*** Opening Source material ***

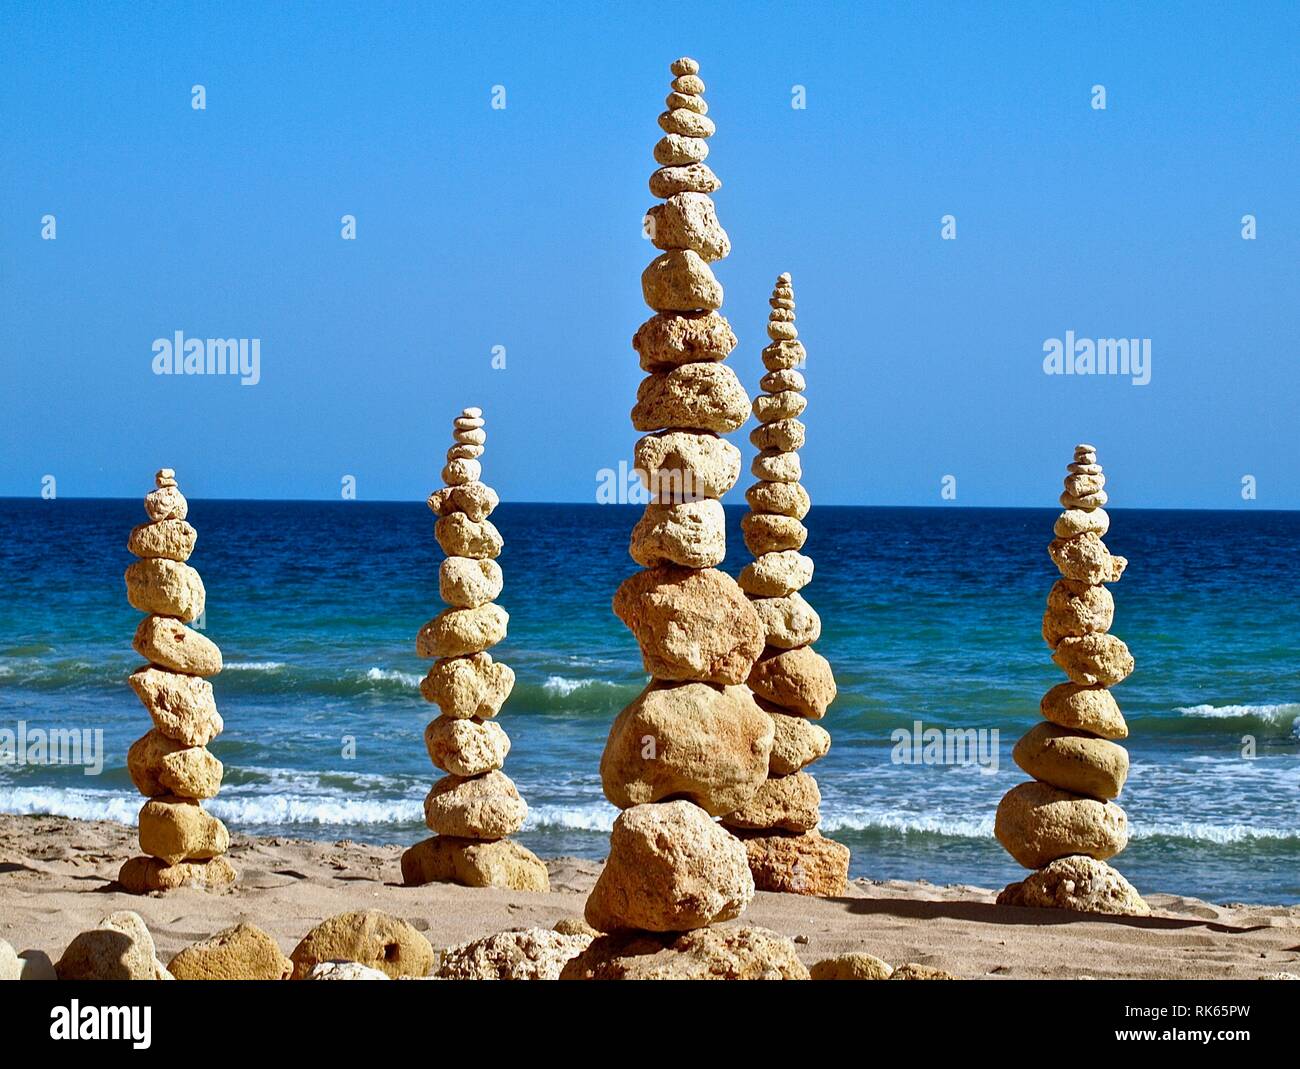 Cumuli di pietre e ciottoli o pila di pietre presso la spiaggia di stand per la vita interiore equilibrio Foto Stock
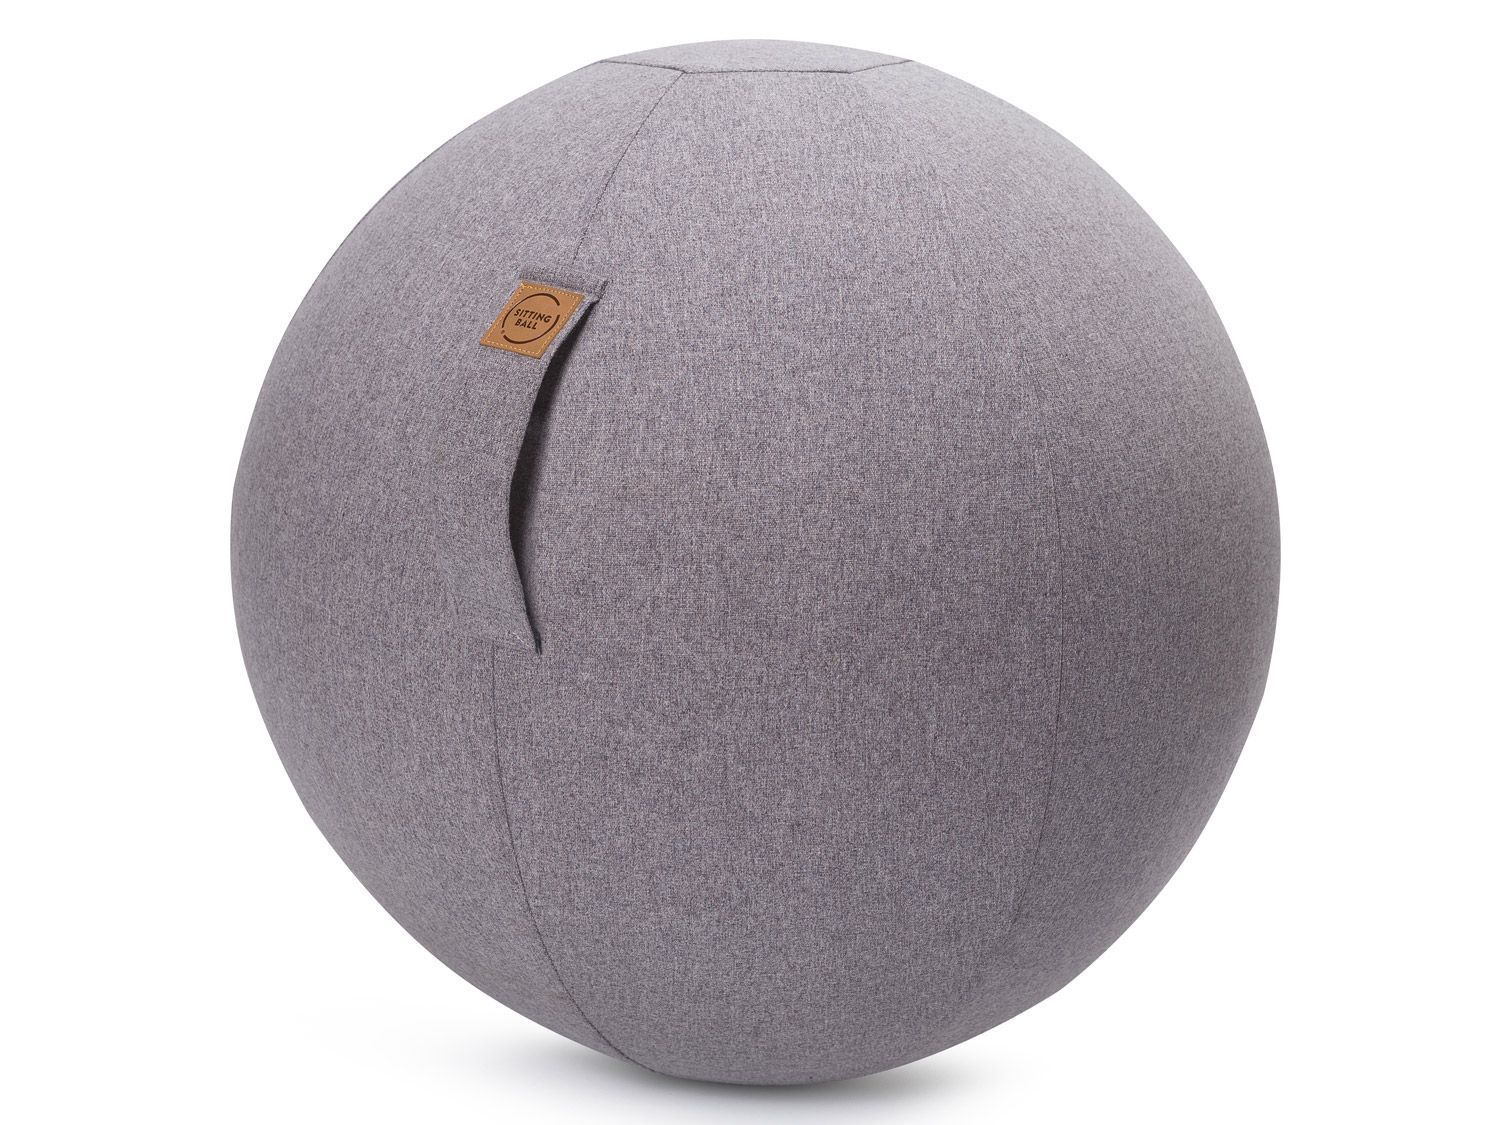 SITTING POINT Gym ball FELT, avec housse amovible et poignée avec velcro (gris)
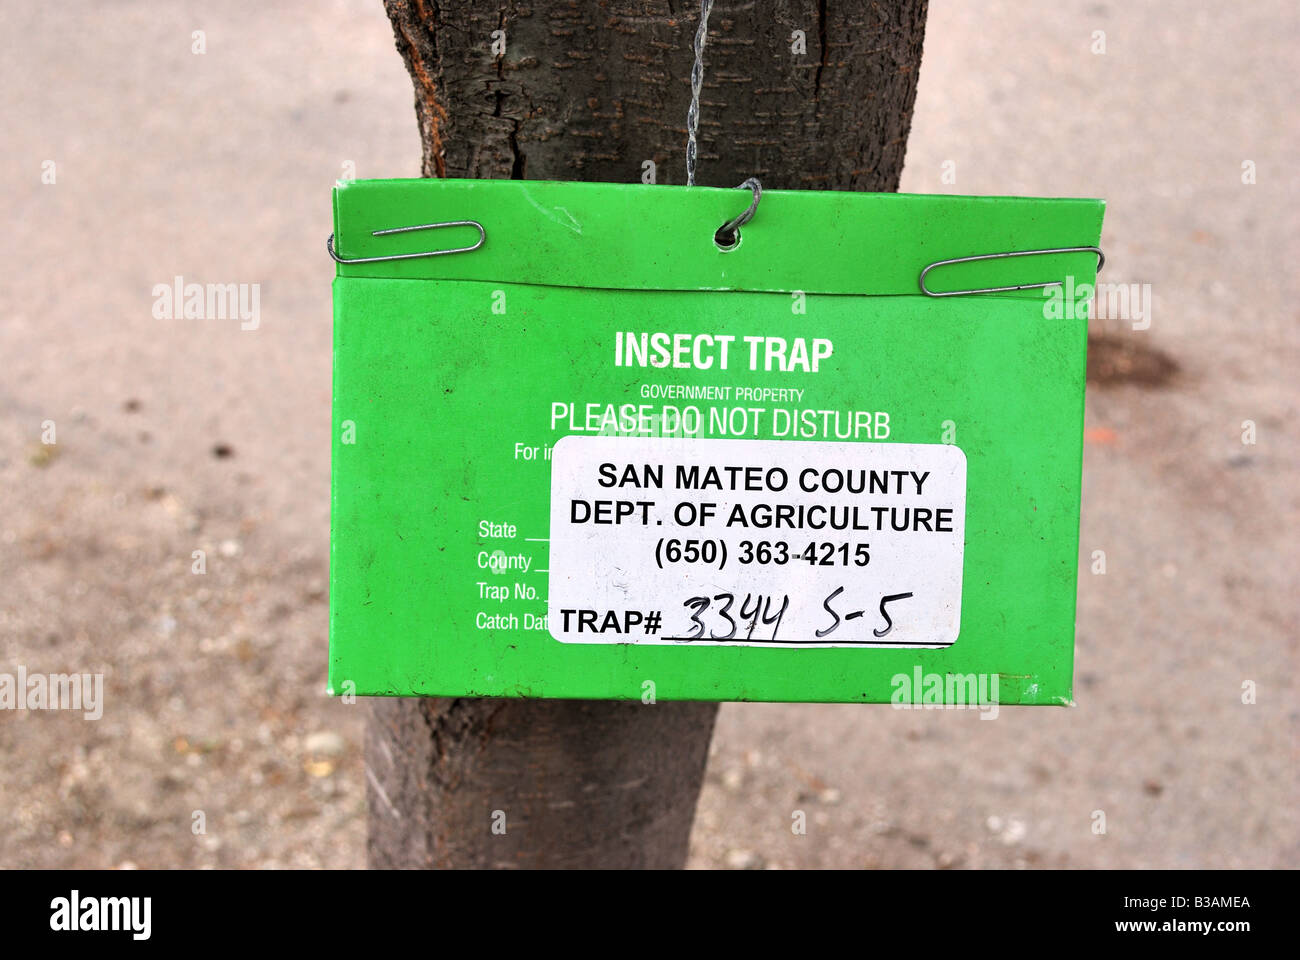 County Dipartimento Agricoltura utilizza le trappole per insetti per monitorare le invasioni di insetti Foto Stock
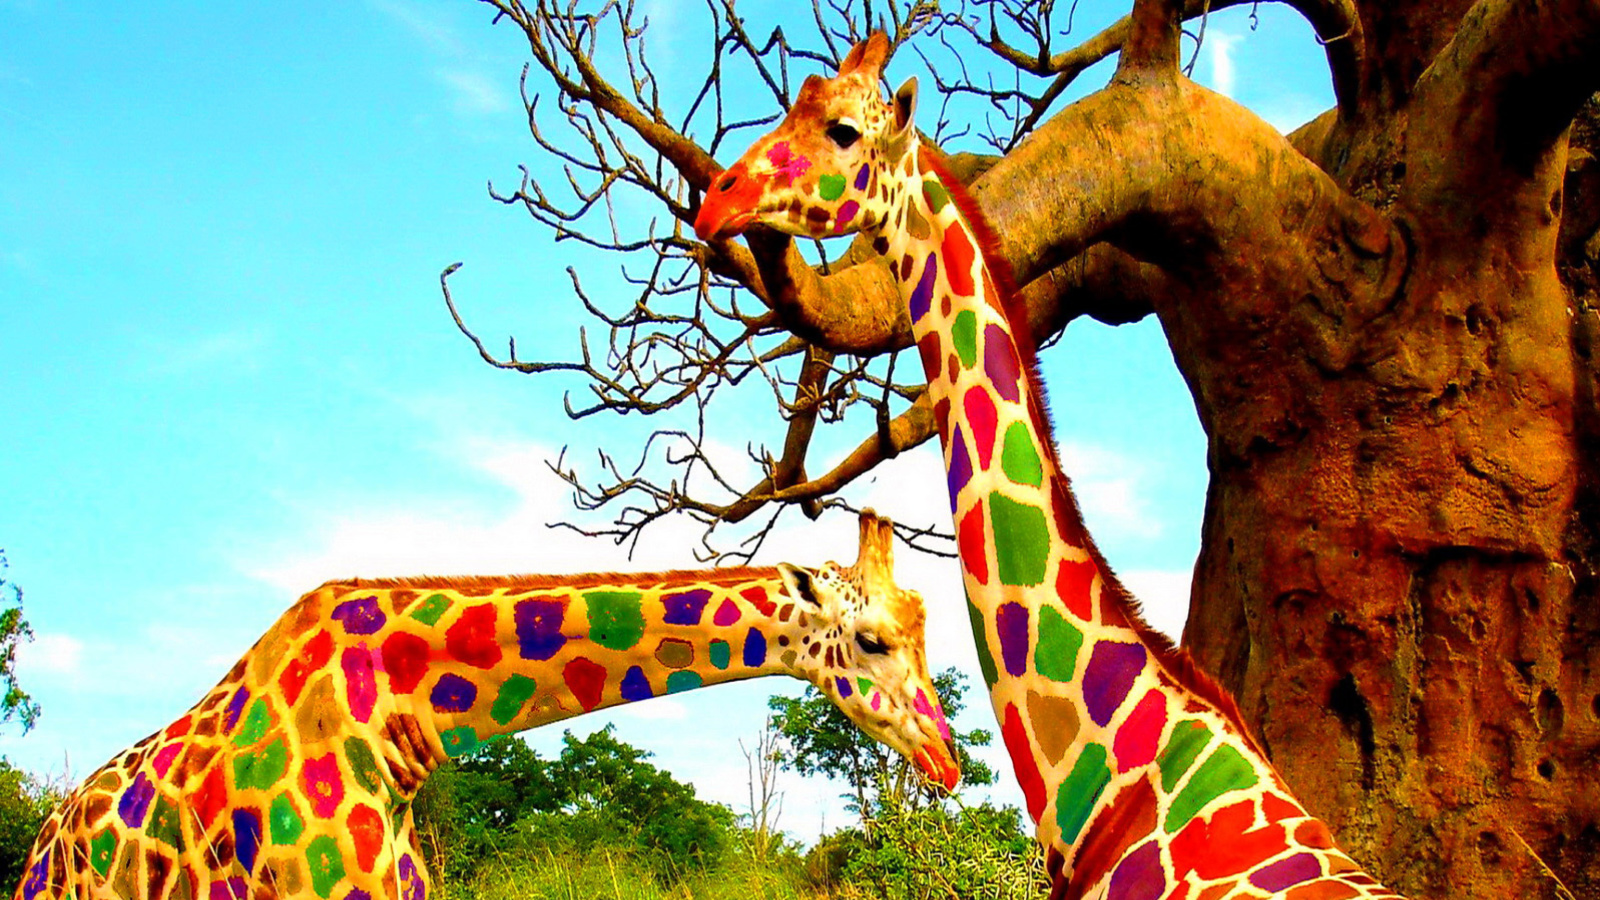 Multicolored Giraffe Family wallpaper 1600x900
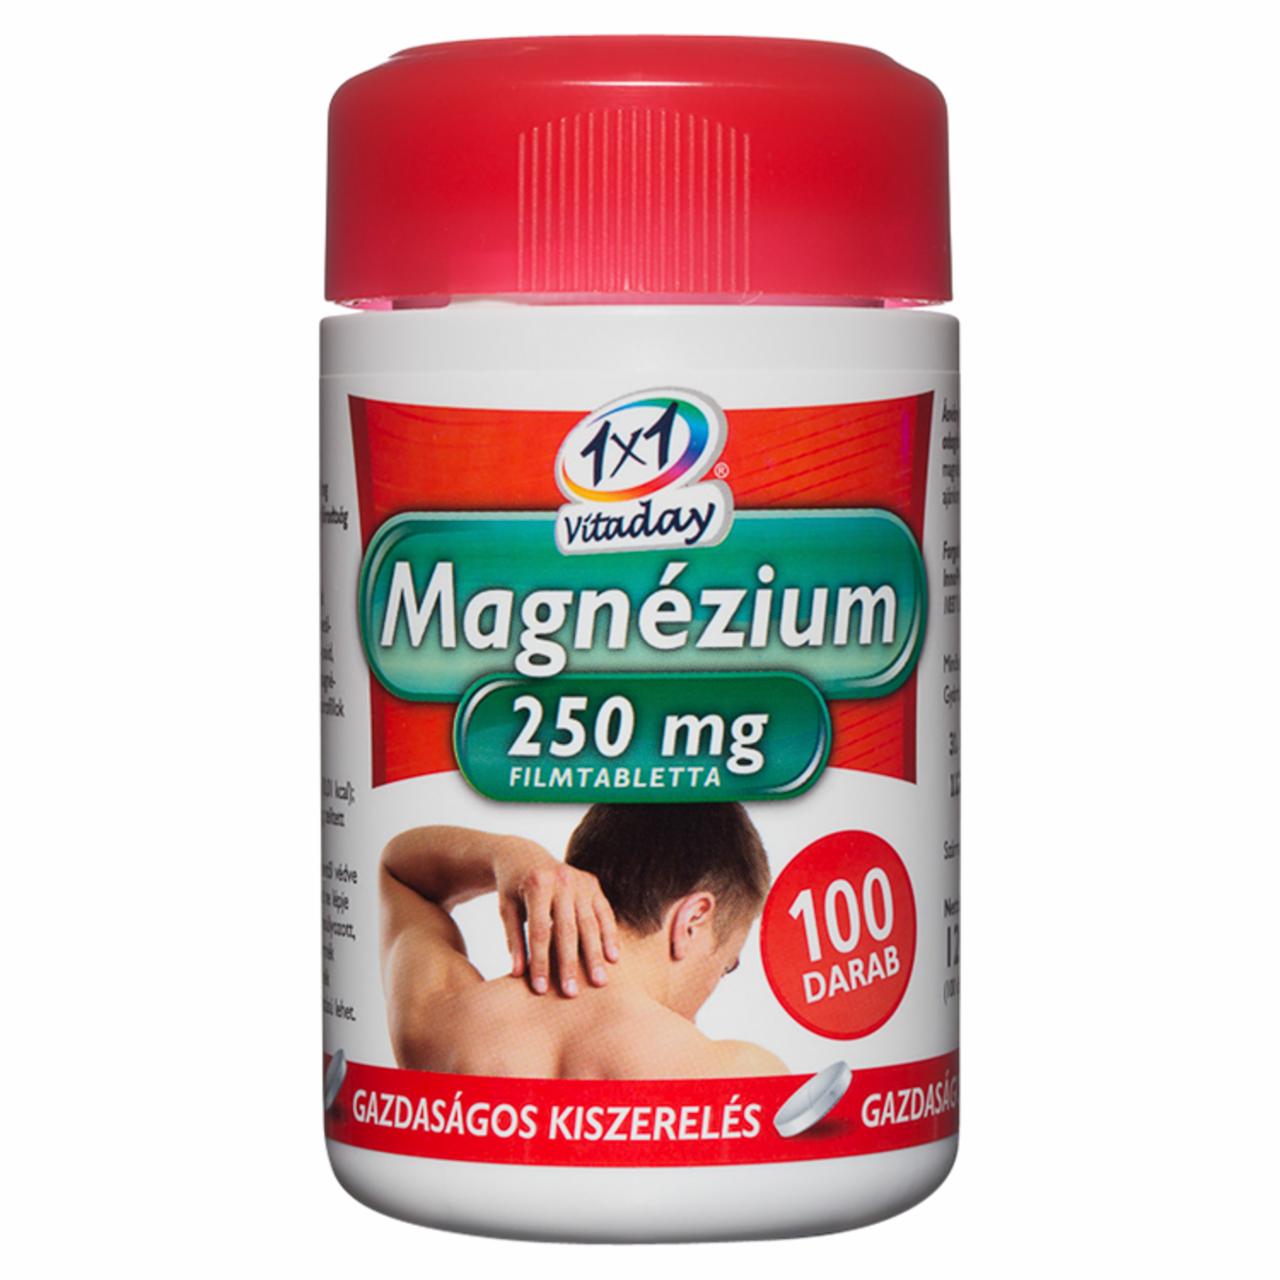 Képek - 1x1 Vitaday Magnézium 250 mg étrend-kiegészítő filmtabletta 100 db 120 g

*** Closing Source material ***

Word for word, please reproduce each entry above and leave out every picture.

 Cumuli di pietre e ciottoli o pila di pietre presso la spiaggia di stand per la vita interiore equilibrio Foto Stock
 SITTING POINT Gym ball FELT, avec housse amovible et poignée avec velcro (gris)
 County Dipartimento Agricoltura utilizza le trappole per insetti per monitorare le invasioni di insetti Foto Stock
 Multicolored Giraffe Family wallpaper 1600x900
 Képek - 1x1 Vitaday Magnézium 250 mg étrend-kiegészítő filmtabletta 100 db 120 g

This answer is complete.